The Legacy of Trailblazer of Abstract Art, Gillian Ayres - Ideelart

L'héritage de la pionnière de l'art abstrait, Gillian Ayres

La peintre et graveuse abstraite britannique Gillian Ayres est décédée à l'âge de 88 ans. Sa disparition laisse un vide dans le monde de l'art, ainsi que dans les domaines de l'éducation et de l'exemplarité. Ayres fut sans doute l'une des professeures d'art les plus charismatiques et assurées de Grande-Bretagne, en grande partie grâce à son adhésion totale à la non-conformité. Elle enseigna à la Bath Academy of Art de 1959 à 1965, donna des conférences à la Saint Martin’s School of Art de Londres de 1966 à 1978, puis en 1978 elle devint responsable du département de peinture à la Winchester School of Art. Ce dernier poste était plus un rôle de gestion qu’un poste d’enseignement. Elle le quitta après avoir constamment eu des conflits avec les administrateurs de l’école sur la manière, et même sur la question de savoir s’il fallait gérer ce département. Ayres croyait que l’enseignement de l’art serait mieux servi sans qu’aucun bureau ne soit chargé de le diriger. Bien que ce fût sa dernière fonction académique officielle, Ayres continua d’enseigner par son exemple. Elle fut un modèle pour l’importance d’avoir des principes et de les défendre vigoureusement. Ses principes incluaient une immense générosité envers ses élèves et amis (qu’elle hébergeait souvent chez elle), un amour pour le champagne et les cigarettes (qu’elle s’accordait jusqu’à la fin), et une haine totale envers les membres de la soi-disant École de la route d’Euston, un groupe d’artistes réalistes traditionnels opposés à l’art d’avant-garde et abstrait. Sa dévotion à l’abstraction a inspiré d’innombrables autres artistes abstraits britanniques et contribua à inverser les préjugés institutionnels contre l’abstraction dans les écoles, galeries et musées. L’héritage qu’elle espérait laisser peut se résumer dans une déclaration qu’elle fit lors d’une interview avec le Financial Times en 2015. Elle déclara : « Les gens aiment comprendre, et j’aimerais qu’ils ne le fassent pas. J’aimerais qu’ils se contentent de regarder. »

Formes et Espaces

Ayres termina ses études d’art en 1950 et prit un emploi d’assistante dans une galerie. Elle occupa ce poste à temps partiel pendant six ans tout en continuant à peindre. Elle a dit que dans ces débuts de carrière, elle fut largement influencée par Jackson Pollock et les expressionnistes abstraits. Cependant, ce qui l’inspirait le plus chez eux n’était pas leurs tendances métaphysiques, c’est-à-dire leurs tentatives de se connecter à une source primitive d’émotions profondes et cachées. Elle était plutôt inspirée par leurs méthodes de travail, qui lui semblaient libres et expérimentales. Elle adopta la technique de travailler au sol en utilisant des mouvements amples et lyriques lors de la peinture. Beaucoup de ses œuvres de cette époque pourraient être qualifiées de peintures d’action. Elles incluent fréquemment de la peinture éclaboussée et gouttée, des coups de pinceau gestuels, et de larges champs de couleur appliqués avec énergie.

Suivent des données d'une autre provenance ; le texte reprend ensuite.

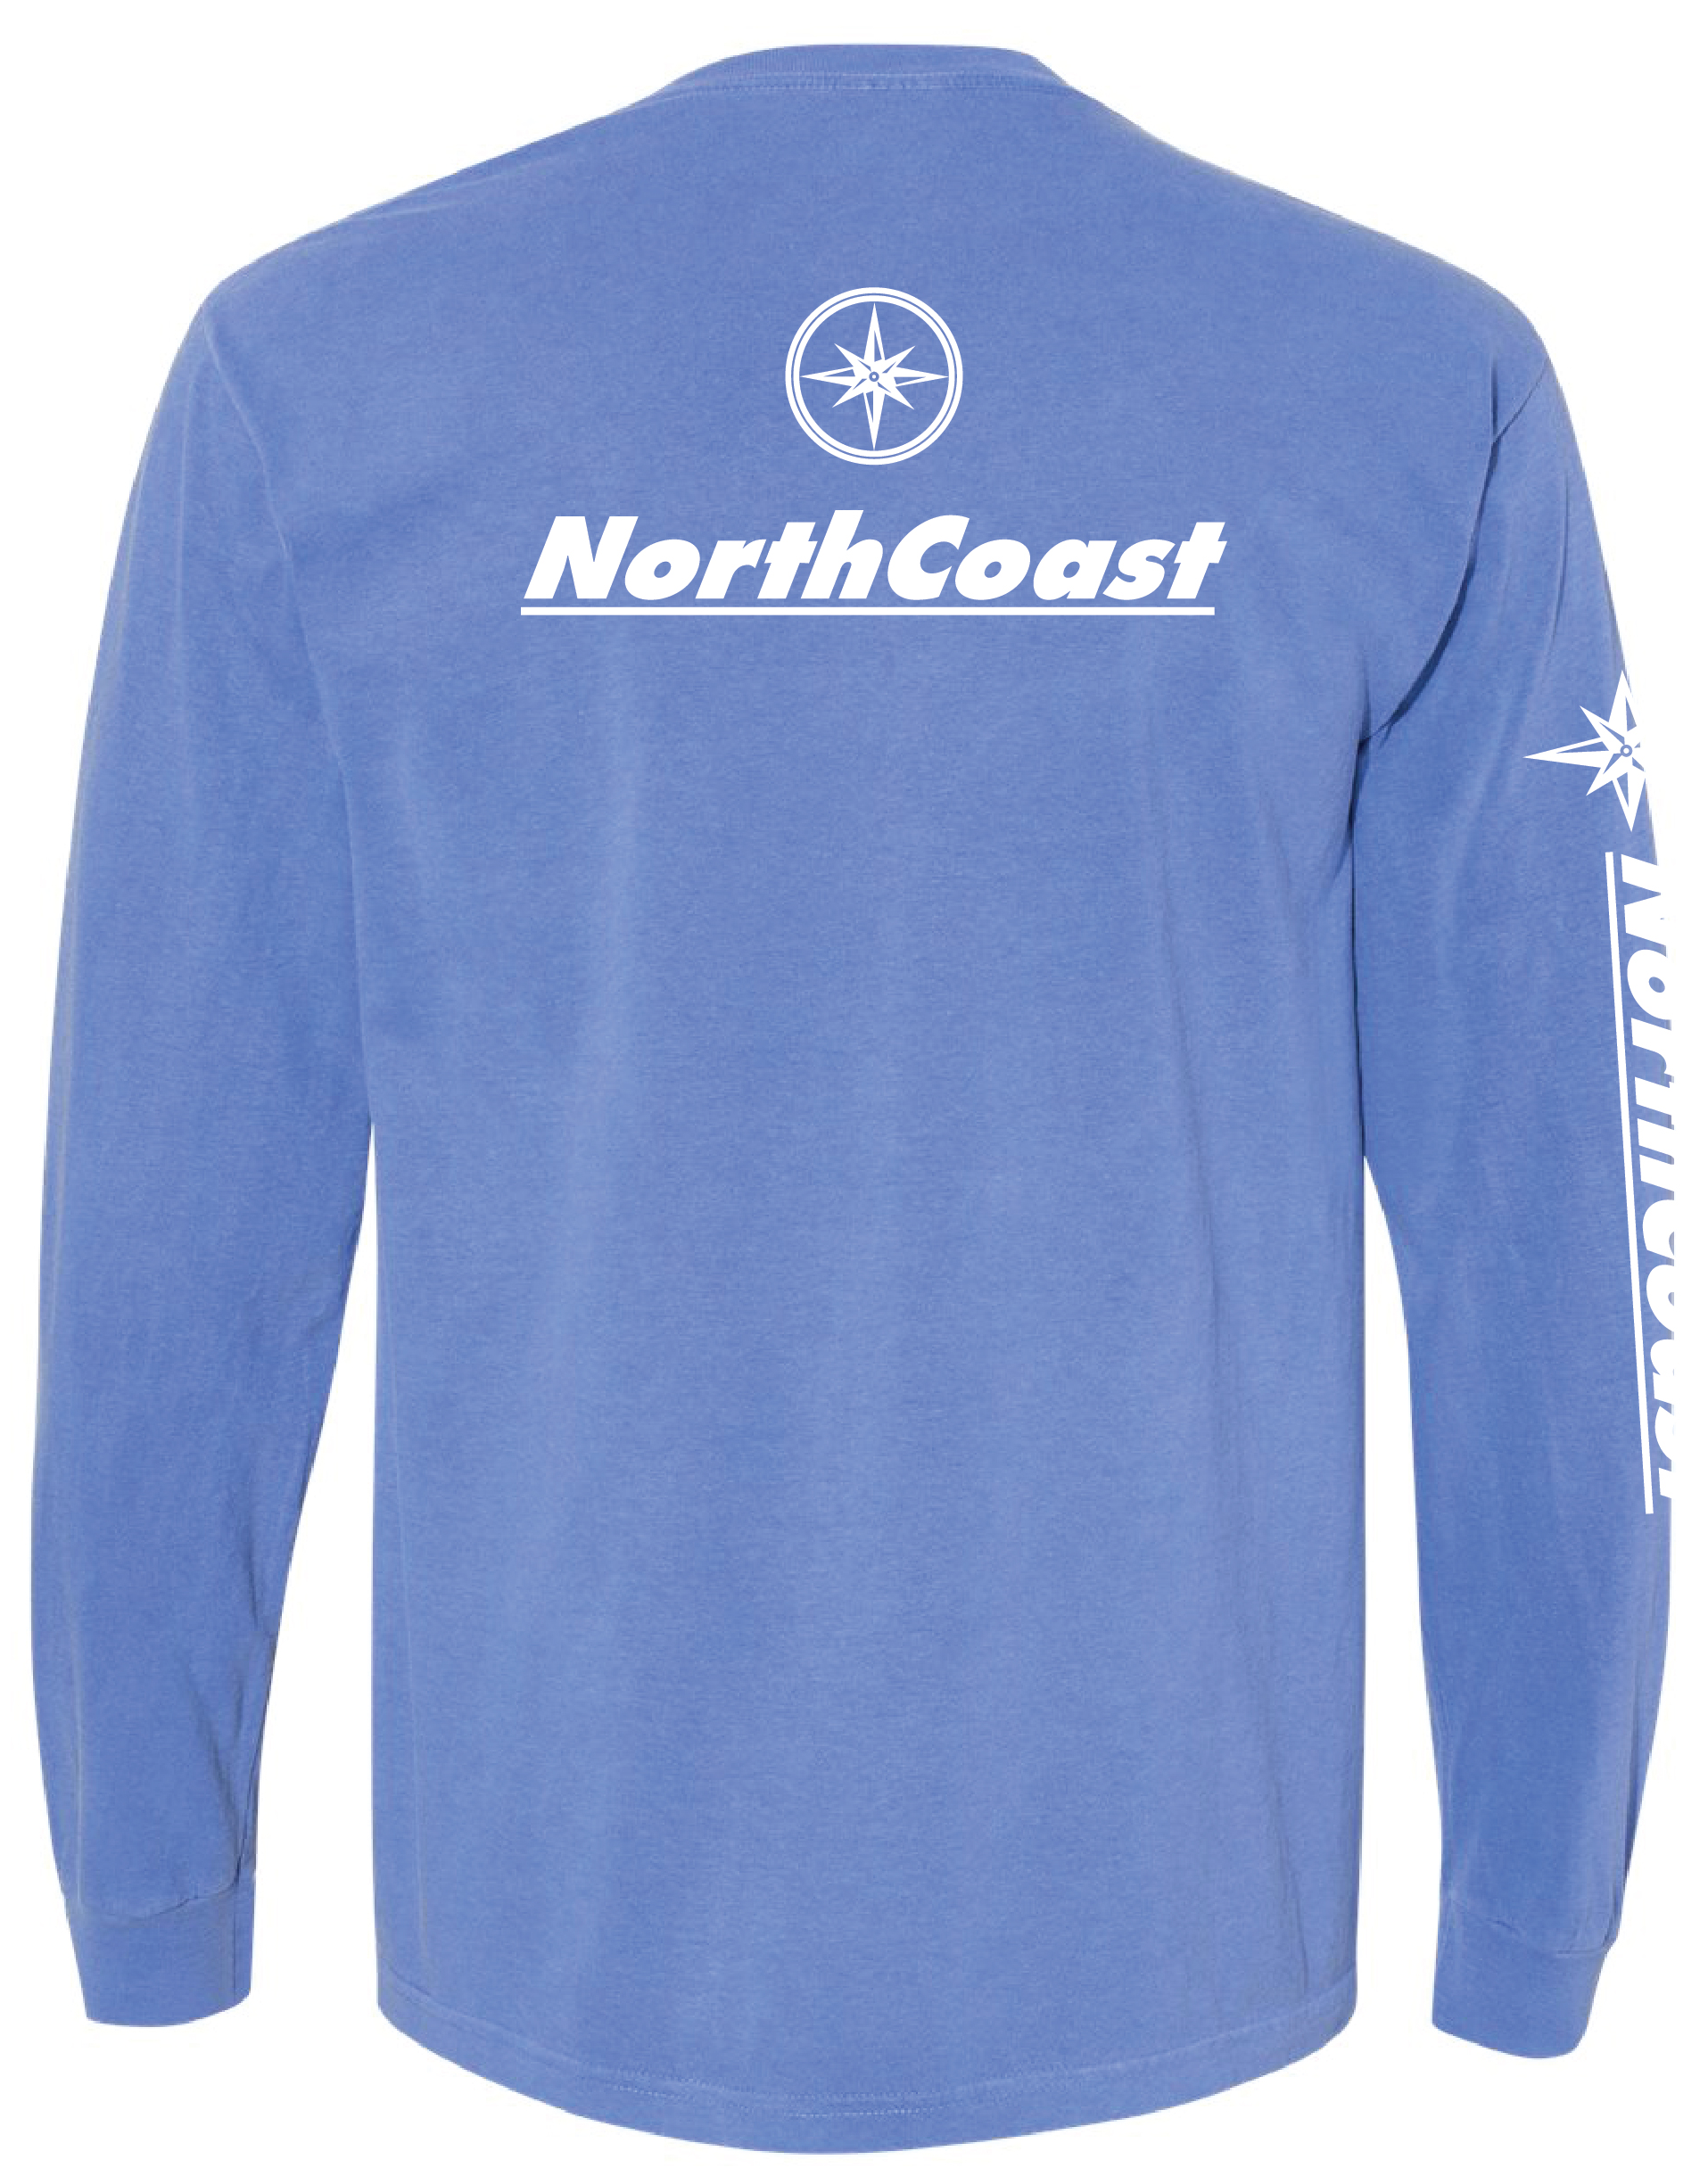 NorthCoast Boats Long Sleeve T-Shirt - Blue

œuvres de l'artiste britannique Gillian Ayres décédée en avril 2018

Gillian Ayres - Achiote, 2015, Gravure sur bois sur papier japonais Unryu-shi 75gsm, 33 3/5 × 64 2/5 pouces, 85,4 × 163,5 cm, photo avec l’aimable autorisation de la Alan Cristea Gallery, Londres

Parallèlement à son exploration du style « all-over » de la peinture d’action, Ayres montra également un intérêt pour l’exploration directe des formes et des espaces. Beaucoup de ses peintures des années 1950 et 60 contiennent des compositions libres de cercles, carrés et autres formes géométriques ou quasi-géométriques. Ces formes semblent souvent flotter les unes autour des autres dans un vide. Ces peintures sont purement abstraites, mais pas dans le sens où Ayres les aurait « abstraites » du monde naturel. Au contraire, elle cherchait simplement à créer des compositions sans aucun contenu narratif ou figuratif, car elle croyait au potentiel des images abstraites de formes interagissant dans l’espace pour être « enivrantes ». En d’autres termes, elle pensait que ces images pouvaient être enivrantes. Elle estimait que cette qualité était essentielle pour que les gens puissent simplement prendre plaisir à regarder son art sans ressentir la pression de devoir réfléchir logiquement à son sujet, ni même d’engager leur intellect.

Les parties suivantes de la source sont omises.